### [Activity]
Emit the data below verbatim, stripping out any pictures.

**** Dataset section

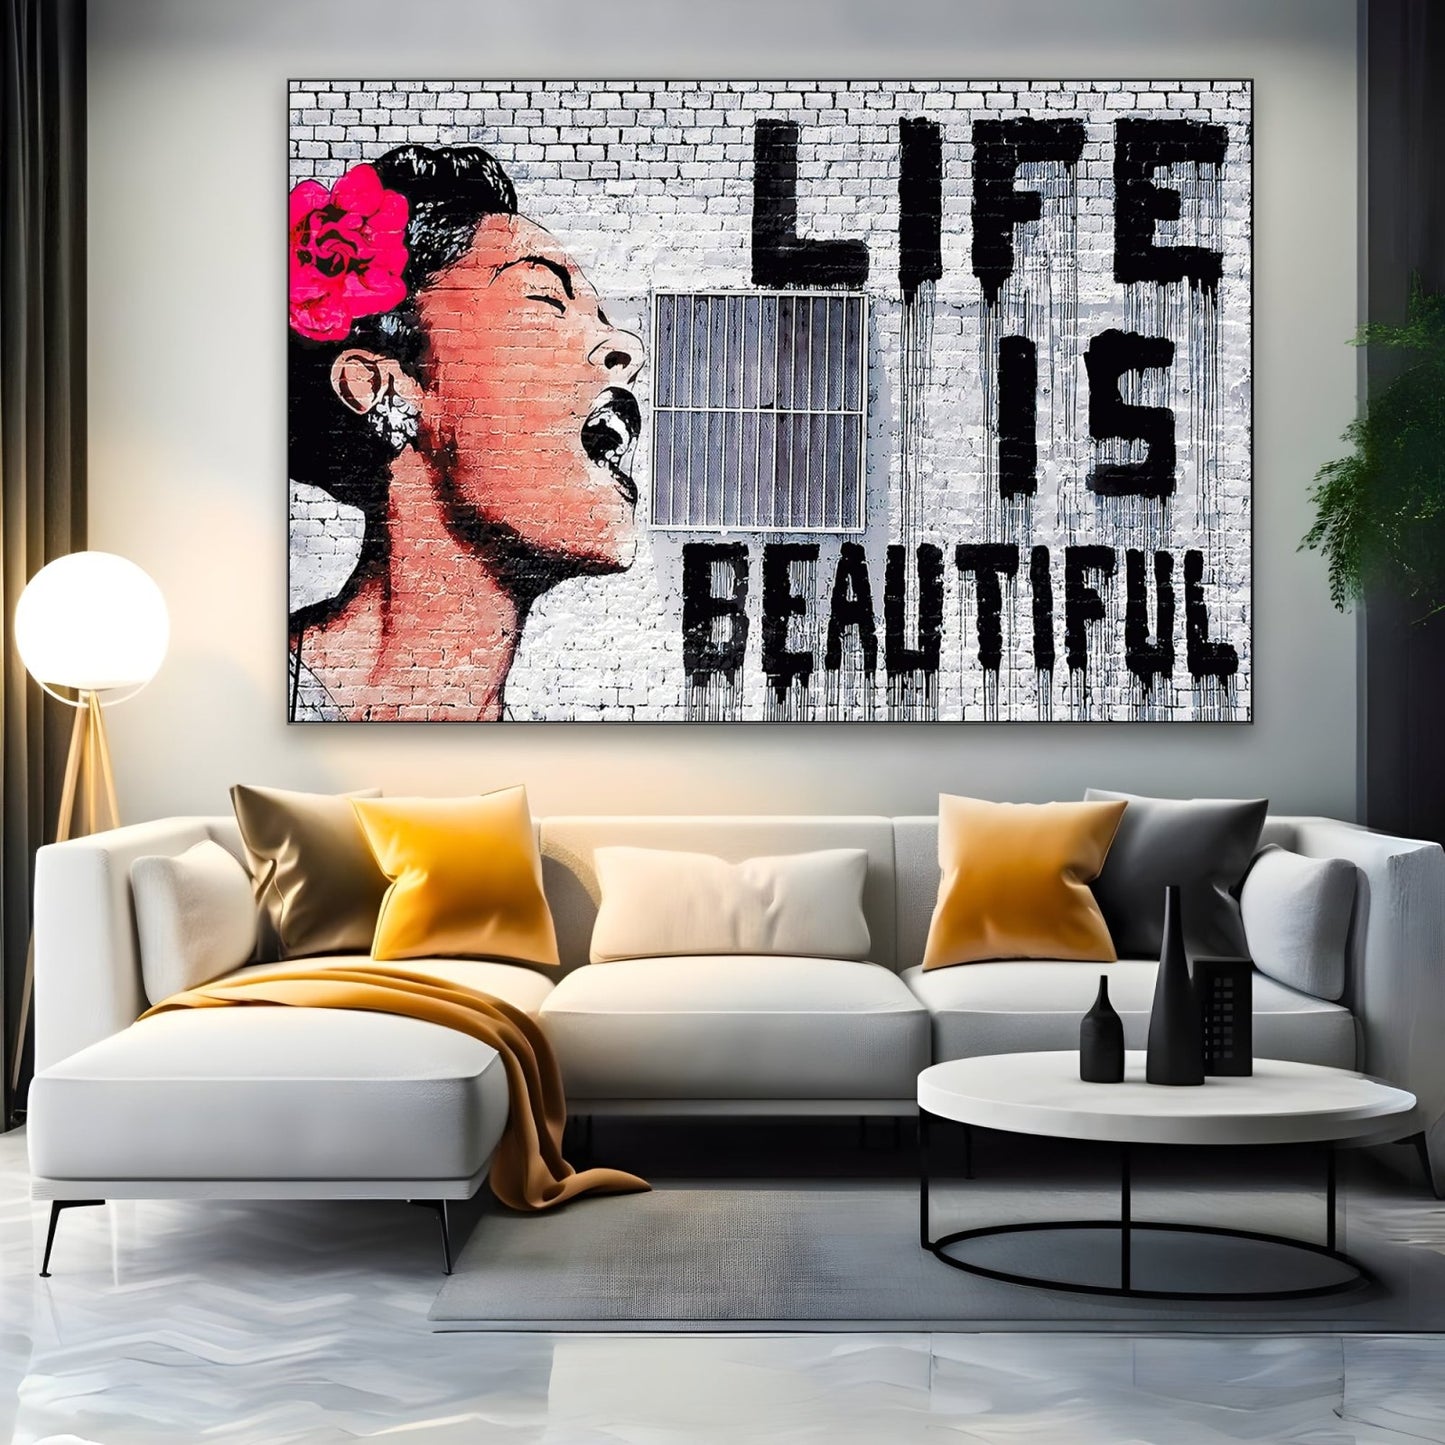 Życie jest piękne, Banksy
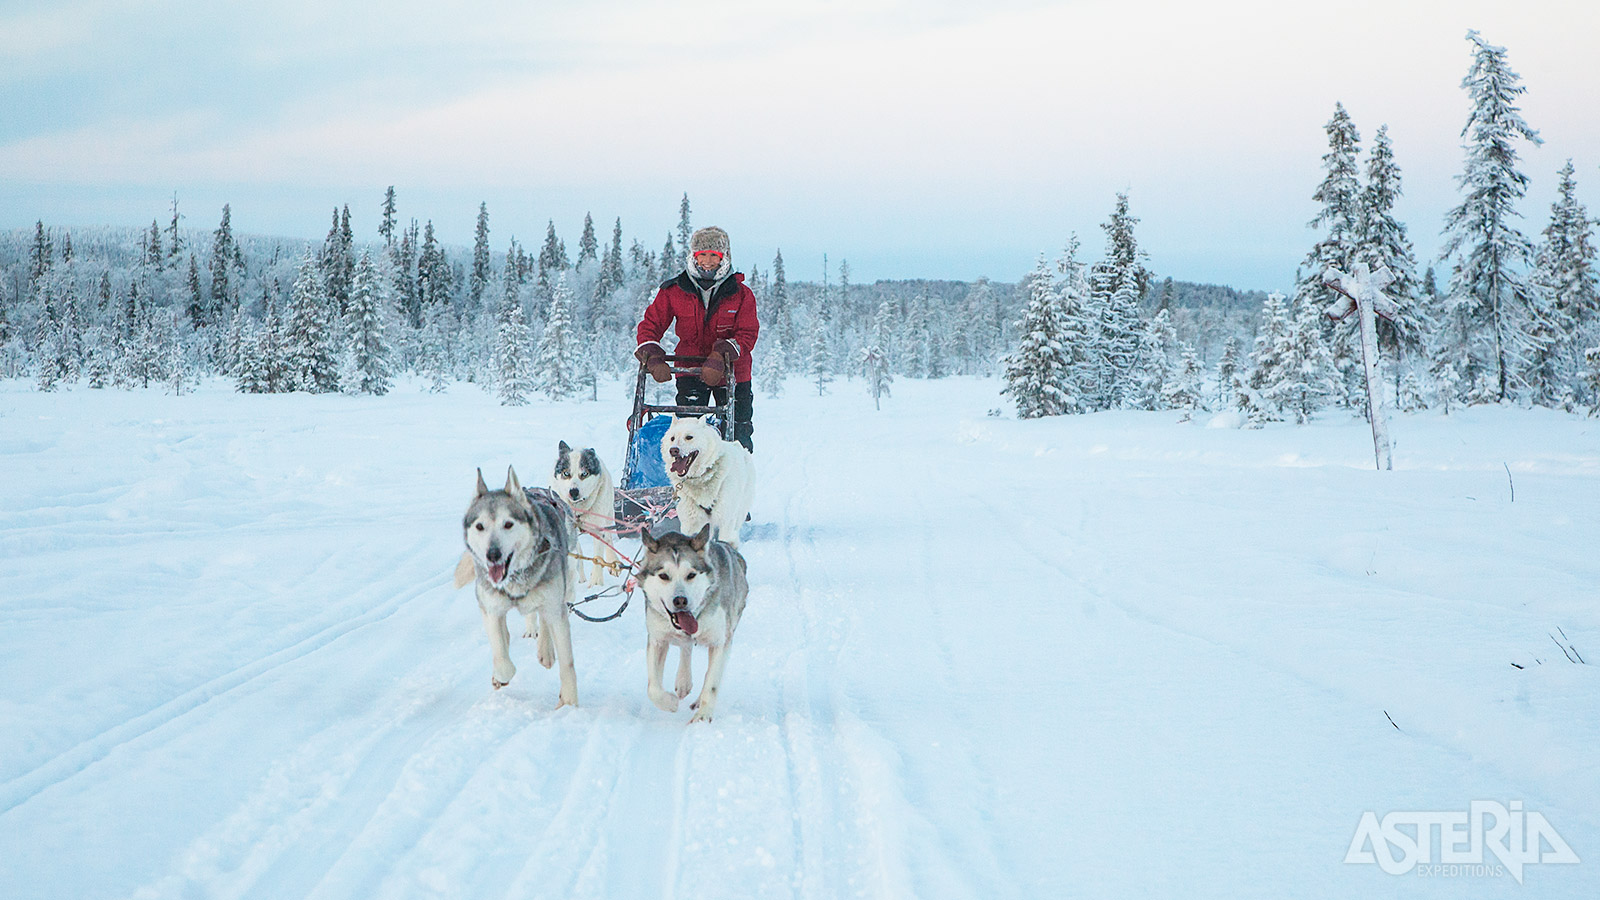 Trek de Finse natuur in met de je huskyslede
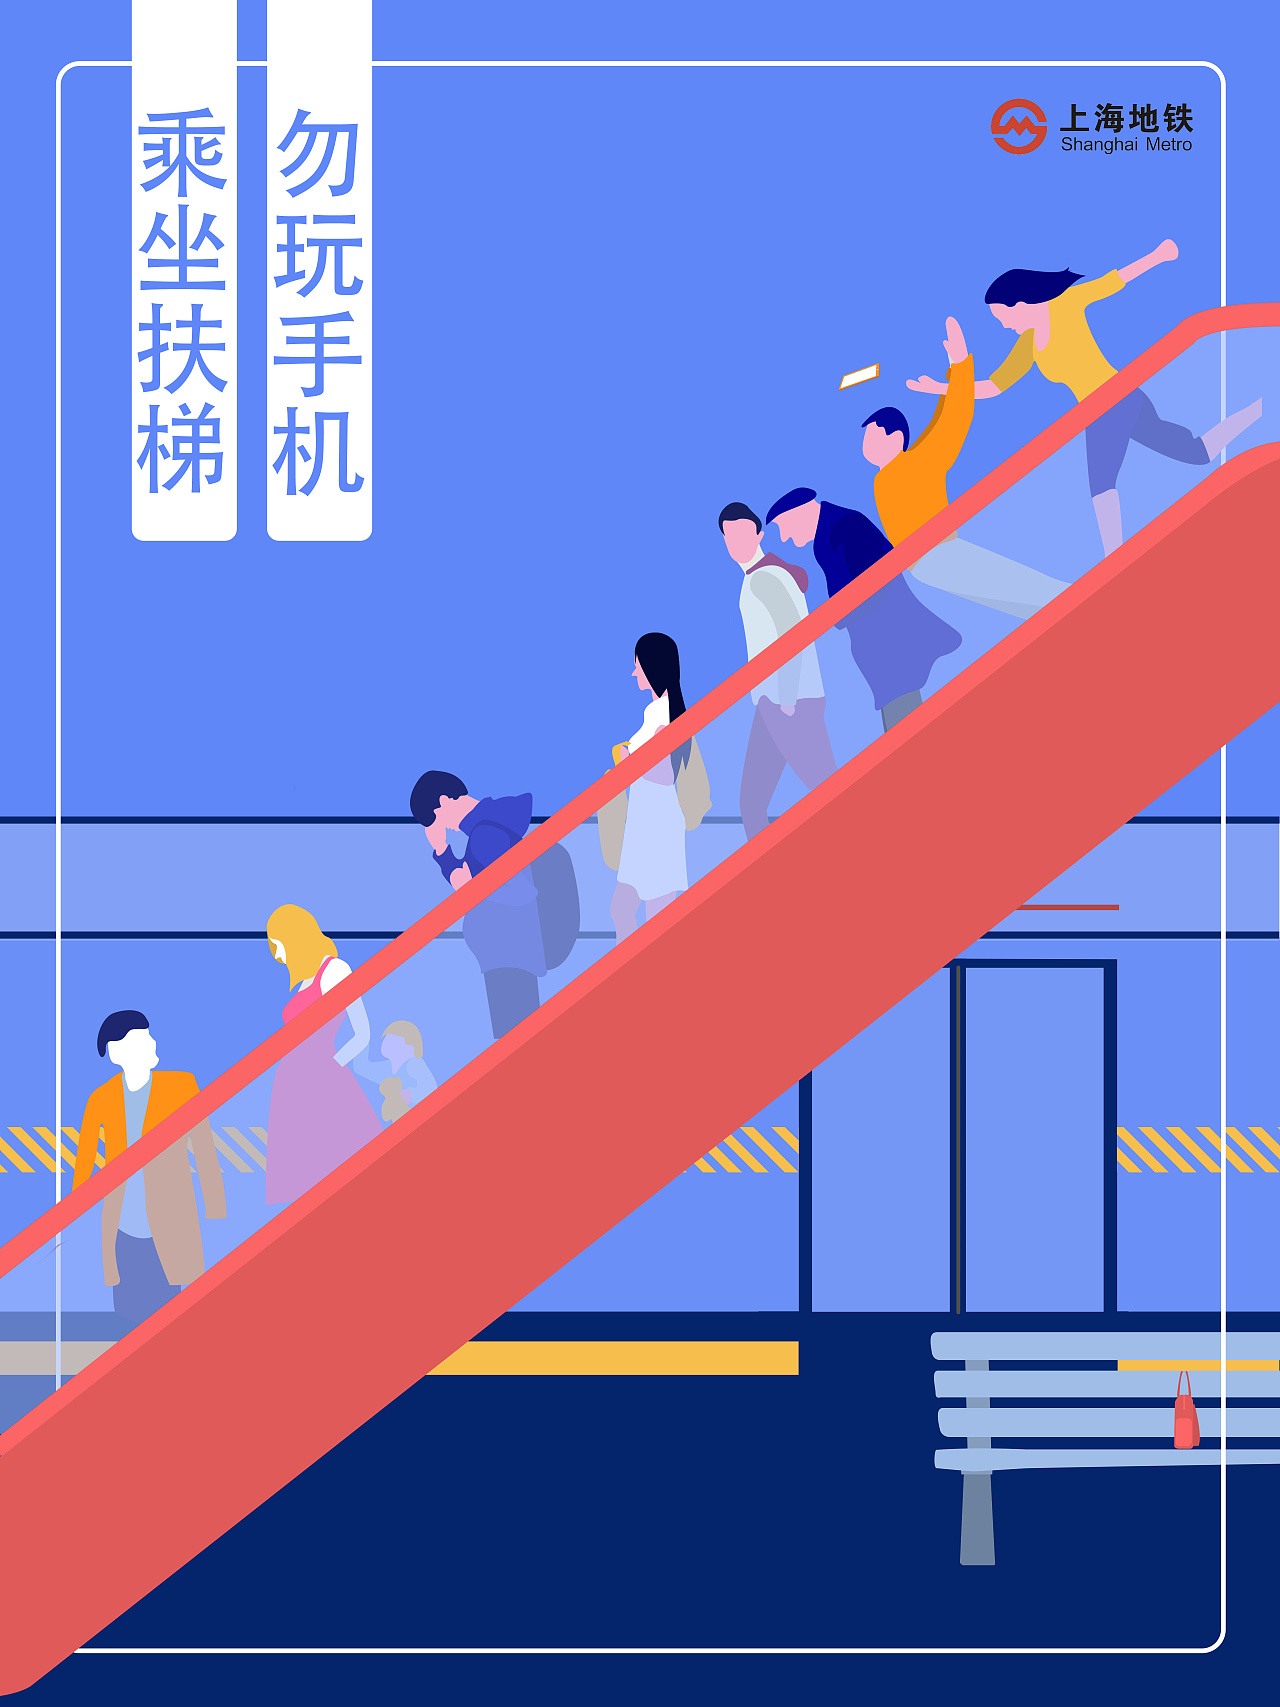 上海地铁安全海报

********

### [Solution]
 Życie jest piękne, Banksy
 Trek de Finse natuur in met de je huskyslede
 上海地铁安全海报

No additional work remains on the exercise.